Artist

Mawkin

Genre: Folk ,Contemporary Folk ,Folk Revival
Origin: U.S.A
Listen on Coda
Their unusual moniker, translating roughly to “scruffy, unkempt person,” may hint at an unkempt stage image—they quip that they “sold our souls to the scarecrows”—yet it understates the arrival of one of England’s most compelling young instrumental folk acts of the new millennium. Raised in an Essex household saturated with traditional music, siblings Jamie on fiddle and Dave Delarre on guitar supply the group’s creative engine; steeped in the repertoire yet alert to contemporary currents, they shape an unmistakably English sound while absorbing wider influences. The Delarres helped run the Moreton Folk Festival, where Dave’s friend Danny Crump—new to bass and previously drawn to heavy metal—made his debut onstage after being coaxed into joining the family band, the Knapfoot Five, at Edinburgh’s Ceilidh Culture Festival. Weeks afterward, the fifteen-year-old Dave and seventeen-year-old Jamie secured a 2002 booking at Dartmoor Folk Festival; Crump came along, the performance proved so successful that further dates followed, and melodeon player Alex Goldsmith was soon recruited. Goldsmith, grandson of Southwold Town Bellman John Barber—a noted singer and melodeon player—had played since childhood and already busked the Southwold streets alongside Dave Delarre; he integrated swiftly, and the quartet quickly made an impression across folk clubs and festivals.

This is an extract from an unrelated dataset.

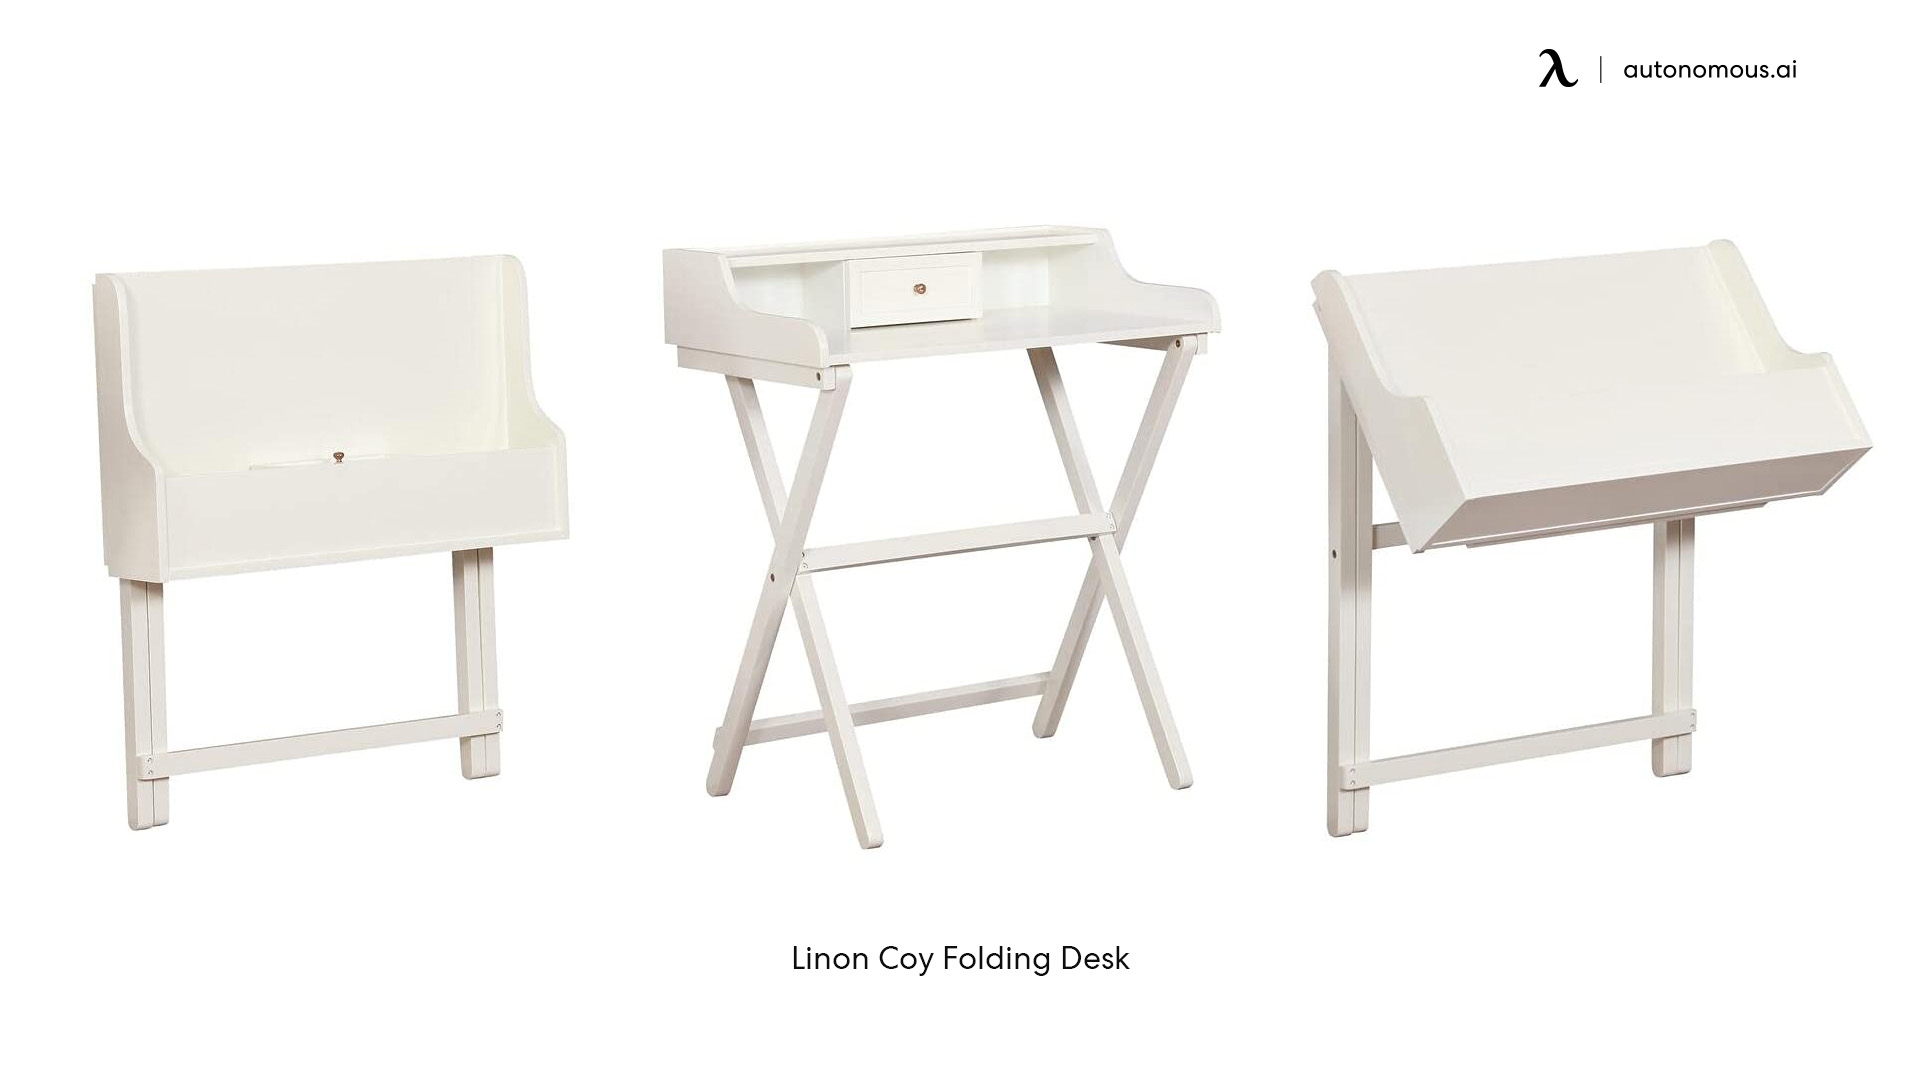 Linon Coy medium size desk

A six-track EP issued in 2005 further raised their profile. Although studies initially restricted touring, the musicians carved out time to lay down their first album, The Fair Essex, at Hertfordshire University; the record appeared in summer 2006 to widespread acclaim. Jamie Delarre’s propulsive fiddle, Goldsmith’s rooted rural approach, Dave’s supple and exploratory guitar lines, and Crump’s commanding bass tone earned praise from veteran listeners and a growing cohort of younger enthusiasts drawn to British folk. In December 2006, Dave—who was then pursuing music technology and composition at Herts Uni—reached the London final of the BBC Young Folk Award; although Last Orders took the prize, his rendering of Eric Roche’s percussive “Roundabout” stood out as a highlight of the evening. The following year the group joined forces with Devon singer Jim Causley for a series of concerts and festival slots, also capturing an album together.